Bruxelles : Centre fédéral d'expertise des soins de santé, 2011, x, 106 p.

http://kce.fgov.be/sites/default/files/page_documents/k... (19-12-2011)
Collection : KCE Reports ; 159B ; Good Clinical Practice (GCP)
Format de fichier : Adobe Acrobat PDF
Droits d'auteur : La reproduction de ce document à des fins non commerciales est autorisée à condition que la source soit dûment mentionnée.

Lieux géographiques
: Belgique

Mots-clés principaux
:
Ostéoporose
Fracture
Prévention
Pharmacothérapie

Mots-clés secondaires : Clientèle vulnérable ; Facteur de risque ; Observance de la prescription ; Effet indésirable ; Politique de la santé ; Santé publique ; Champ de recherche

Résumé :

RECOMMANDATIONS À DESTINATION DES MÉDECINS
* La prévention pharmacologique des fractures de fragilité devrait cibler les patients à haut risque, c'est-à-dire les patients qui pourront tirer le plus grand bénéfice du traitement.
* Le risque fracturaire individuel est établi sur base d'un algorithme d'anamnèse clinique. La DMO ne devrait être mesurée que chez les personnes présentant des facteurs de risque de fracture de fragilité.
* Un traitement anti-ostéoporotique devrait être proposé à tous les patients ayant présenté une fracture de fragilité.
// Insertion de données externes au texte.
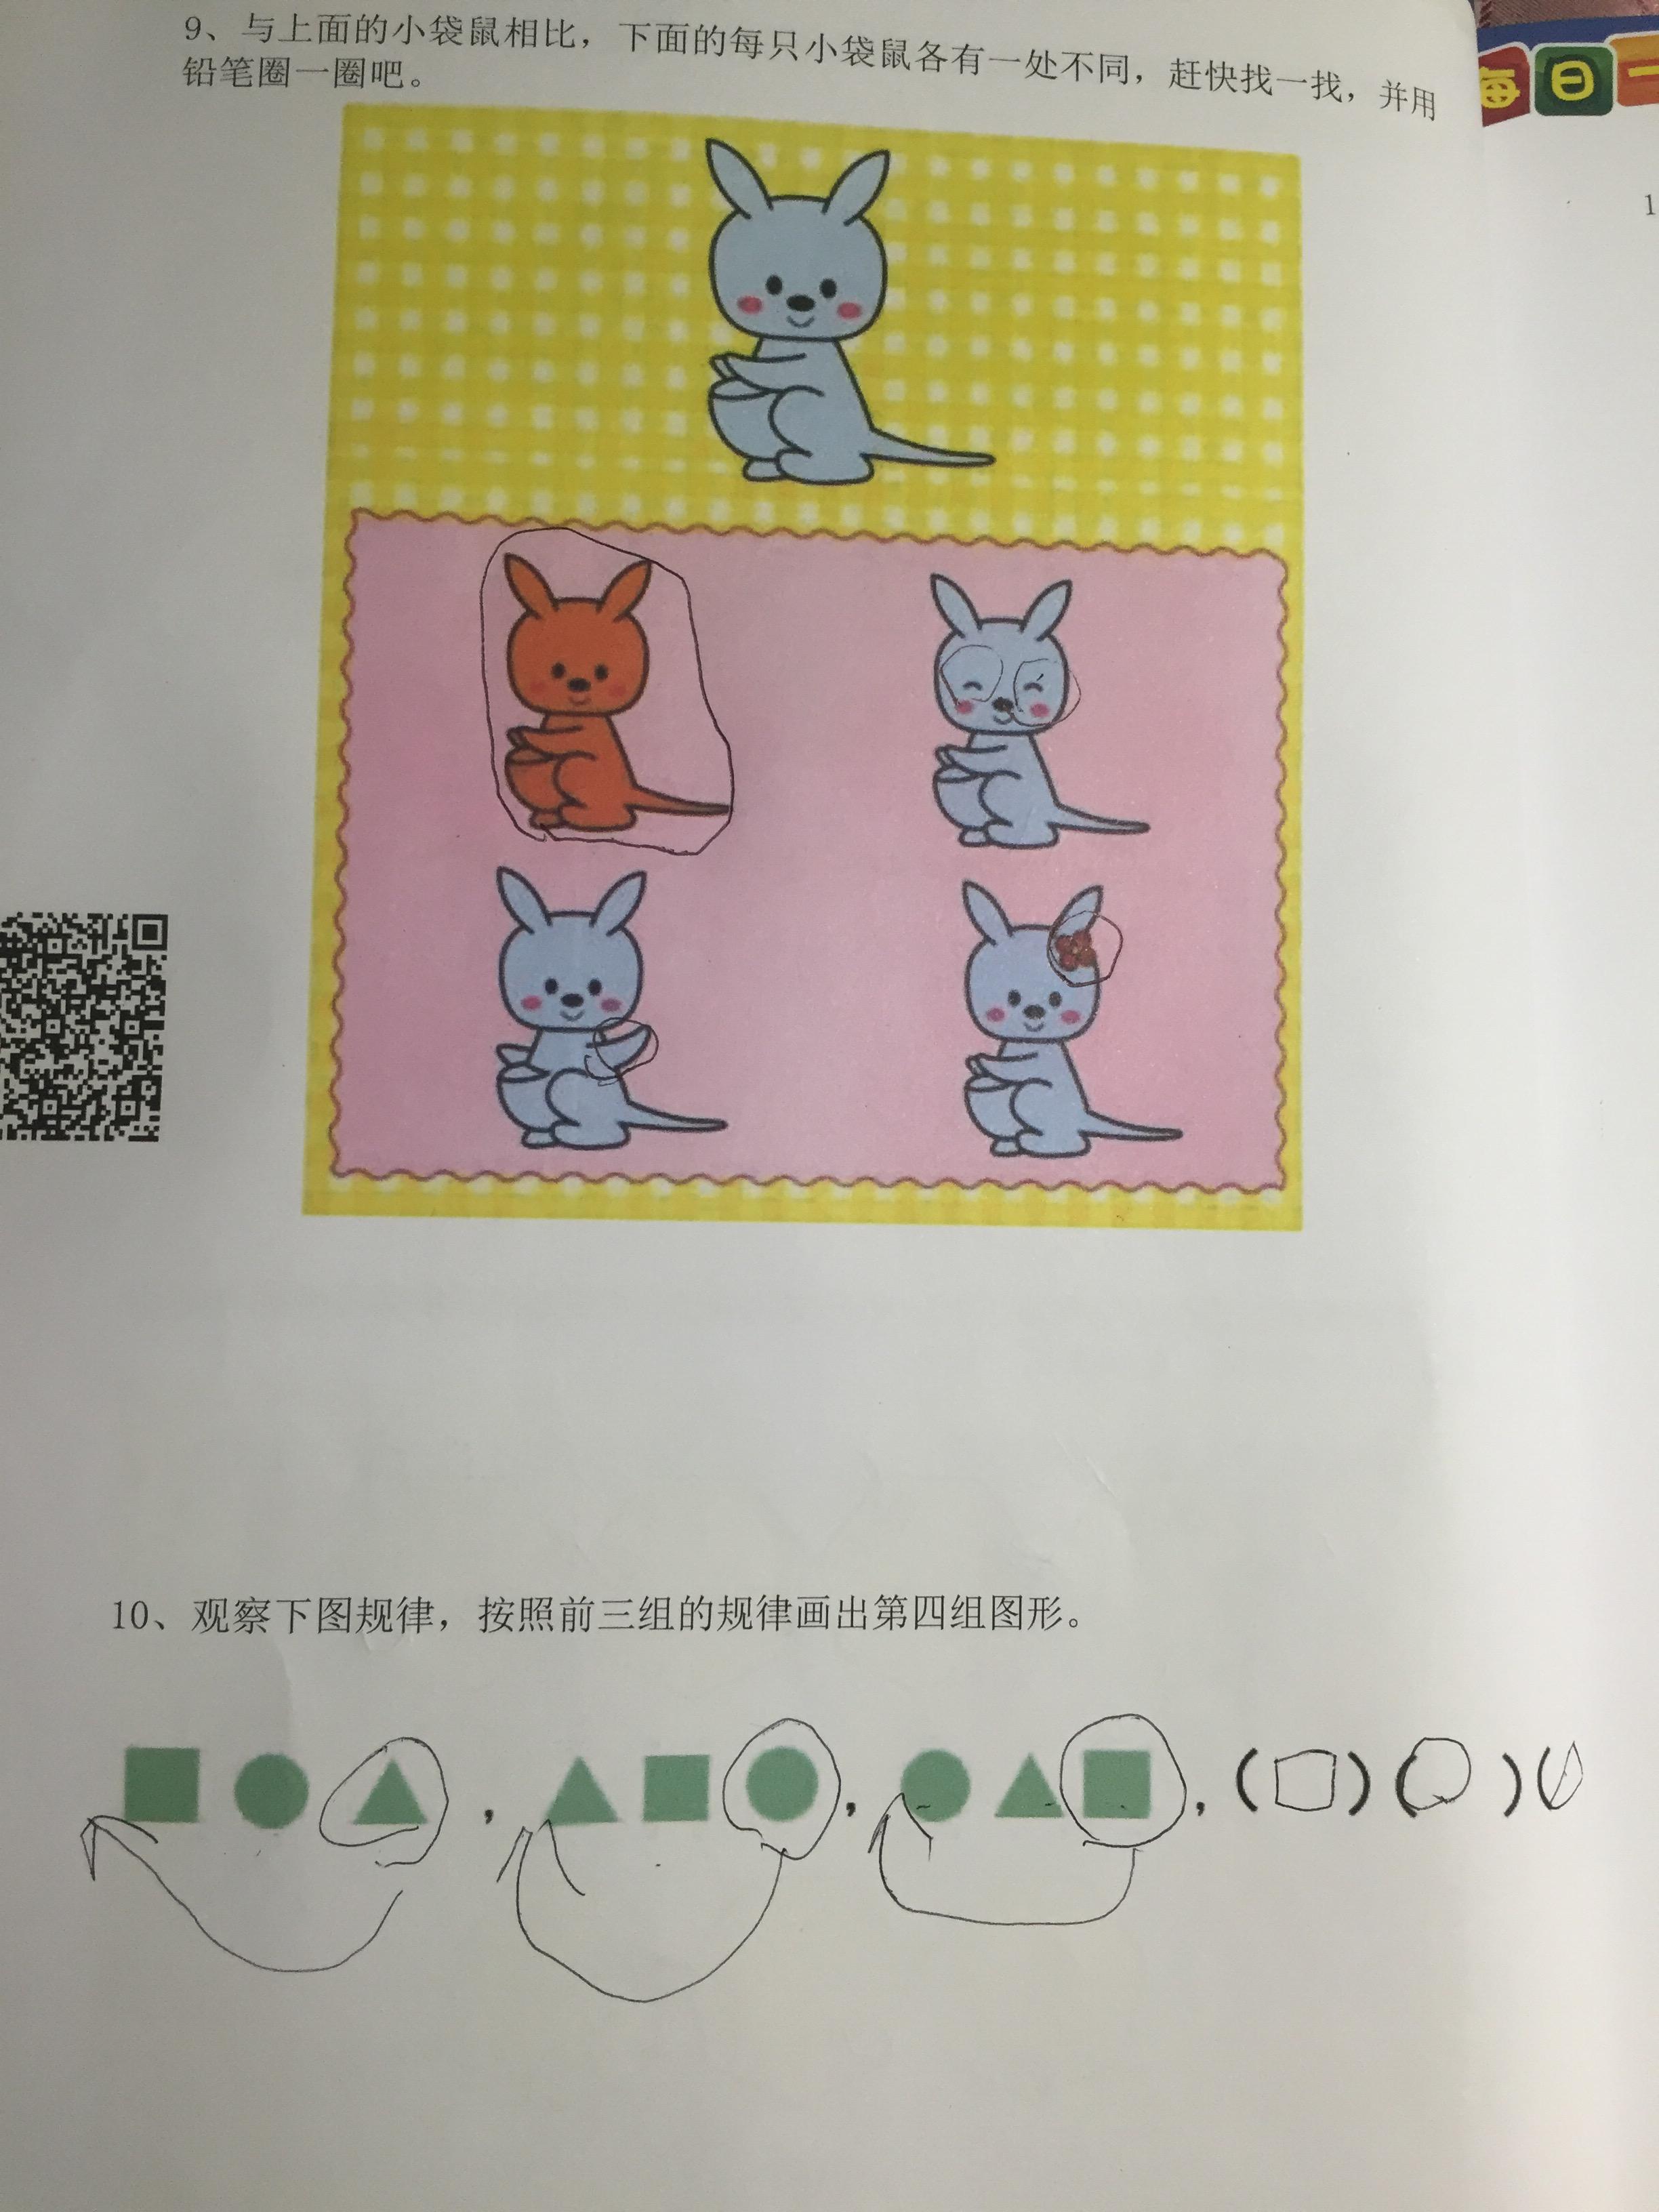 4FED1815-9D45-4A85-BFDA-E6C46B3E67F2.jpg
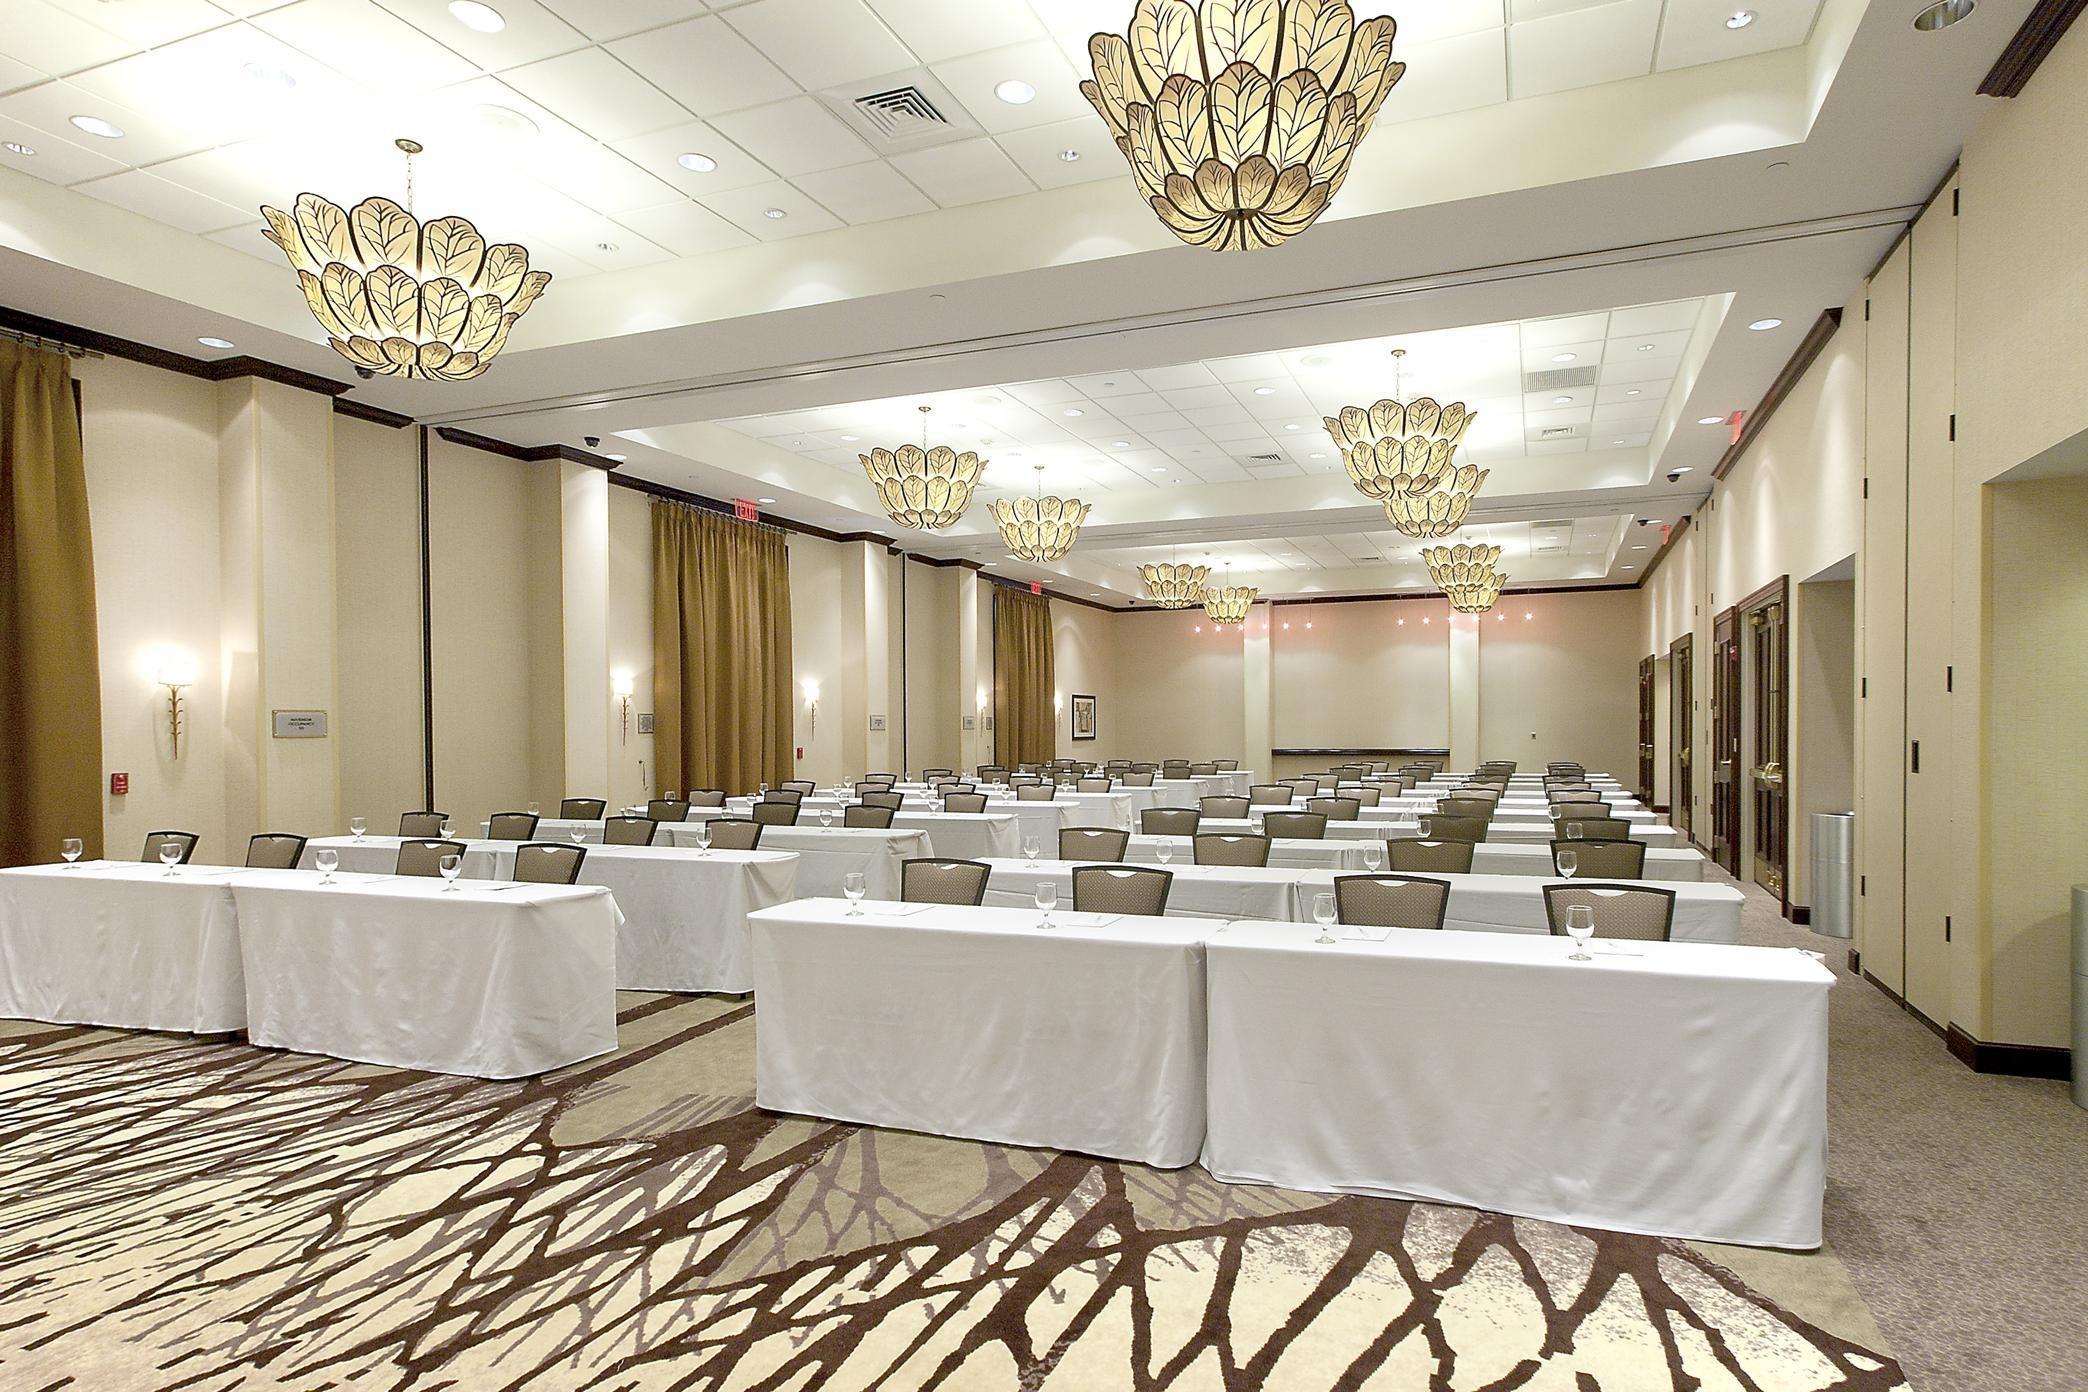 Embassy Suites by Hilton Savannah Airport image 22

Il convient de rappeler qu'une telle prévention est plus efficace pour réduire le risque de fractures vertébrales que pour réduire le risque de fractures à d'autres niveaux. Le nombre de personnes à traiter (NNT) pour prévenir une fracture du col du fémur est élevé.
* Chez les patients sans fracture de fragilité préalable, une stratégie basée sur la mesure du risque individuel absolu doit être mise en oeuvre. Il n'existe pas aujourd'hui de consensus sur la définition d'un risque fracturaire à 10 ans élevé, c'est-à-dire qu'il n'y a pas de consensus sur un niveau de risque au-delà duquel un traitement devrait être entamé. La stratégie de traitement suivante est dès lors recommandée:
o Si le risque fracturaire à 10 ans est élevé et la DMO basse, un traitement peut être envisagé, tout en rappelant que l'effet protectif chez de tels patients n'a été démontré que sur les fractures vertébrales, qui en majorité passent cliniquement inaperçues.
o Si le risque fracturaire à 10 ans est élevé et la DMO dans les limites de la normalité, un traitement n'est en général pas recommandé car les éléments de preuve permettant l'extrapolation des résultats des études existantes à de tels patients sont pour le moment limités. Ceci dit, une décision de traitement pourrait être prise au cas par cas en fonction des autres éléments d'appréciation dont dispose le médecin. En effet, la valeur prédictive négative d'une DMO normale est diminuée dans de telles situations
o Si le risque fracturaire à 10 ans est bas, un traitement n'est pas recommandé.
* Des paramètres, tels que les préférences du patient ou son niveau probable d'adhérence au traitement, devraient aussi être pris en compte pour établir le bien fondé d'une mise sous traitement. Le risque absolu de fracture, la réduction de ce risque attendue avec un traitement et le risque de survenue d'effets secondaires graves devraient être discutés avec le patient.
* La prévention pharmacologique des fractures de fragilité doit être vue comme un élément d'un plan de prise en charge global du risque fracturaire. Une telle prise en charge devrait en priorité identifier les facteurs de risque qui peuvent être diminués sans prévention médicamenteuse tels qu'une alimentation pauvre en calcium, des facteurs environnementaux favorisant les chutes, le manque d'exercice physique en plein air, ou la consommation d'alcool et/ou de psychotropes. Les causes d'ostéoporose secondaire, tel que l'hypogonadisme ou l'hyperparathyroïdie, doivent aussi être identifiées et traitées adéquatement.
* Réaliser un monitoring de l'efficacité du traitement avec des mesures répétées de la DMO par DEXA n'est pas recommandé. Il n'y a pas aujourd'hui suffisamment de données probantes pour recommander d'autres formes de monitoring thérapeutique.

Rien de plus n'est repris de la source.